After WW2, many Russian soldiers and their families moved in, making this their home until the fall of the Berlin Wall. What you find at the Olympic village today is a ghost town of the once prestigious athletes quarters, decaying German army barracks and empty Russian plattenbau tenements.

How’s it looking now?

Accessing the village these days isn’t strictly speaking legal, but the only resistance you’ll find there is a few disinterested workmen. The fact that you’ve got to ‘sneak’ in to certain parts only makes it more thrilling, especially around the area of the former Reichswehr army barracks. Old spotlights loom overhead, and as you roam from building to building you feel like a misbehaving soldier scurrying around the camp after lights out.

Coming from the train station (Elstal) the abandoned Russian tenements are the first real point of interest you’ll encounter, row after row of hollowed out Plattenbau structures. Upon close inspection you can see that these were once lived in, as some remnants of their inhabitants remain, mostly colourful wall paint and drawings. They’ve been abandoned since around the fall of the Berlin wall, and are now creepy, echoing shells, complete with crumbling walls and dripping ceilings. The basement level is probably best explored with a partner and a reliable torch, it’s pitch-black and void of sound.

 

After pushing gently on the doors of the army quarters, you’ll find some of the old lodgings can still be explored. It’s not really clear weather this is by design, or perhaps the previous group generously left the entrances open. Inside these houses you’ll meet shattered windows, loose pipes, and the odd nail on the floor, so best to move slowly and with a pair of thick boots.

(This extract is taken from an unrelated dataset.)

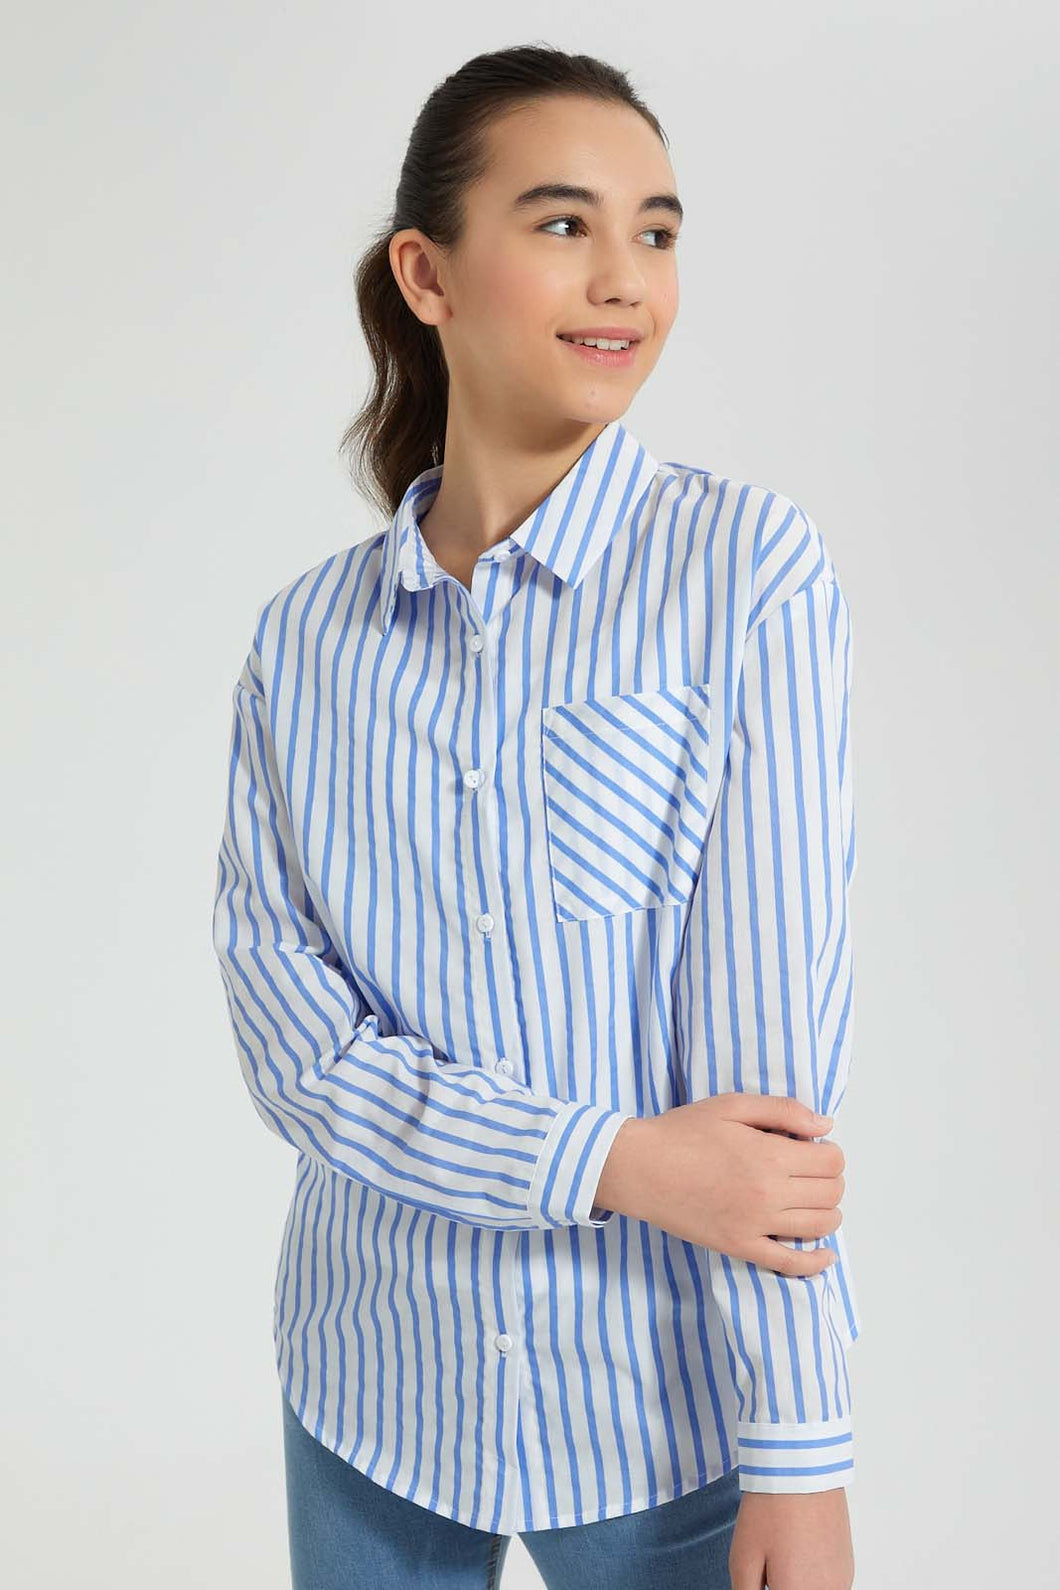 Redtag-White/Blue-Stripes-Twofer-Shirt-Blouses-Senior-Girls-9 to 14 Years

There are some rather nerve-wracking rooms to discover, using hatches in the floor that lead to the undisturbed levels underground. Again, better with a buddy and lots of light. There’re ancient Cyrillic newspapers plastered to the walls, perhaps once makeshift insulation for the soldiers that lived there.

 

The state-of-the-art restaurant complex is still standing and looking much unchanged – but now it’s housing and a small museum. This is ostensibly where a tour of the village can be booked, although how to go about it is anybody’s guess. You’ll the find the remains of the swimming hall pretty easy to access, and clearly people have climbed up into the rafters to peak up there too.

 

The one part that remains largely unexplored is the athletes housing, probably because to break in to this section you’re in plain view of the people who live here now.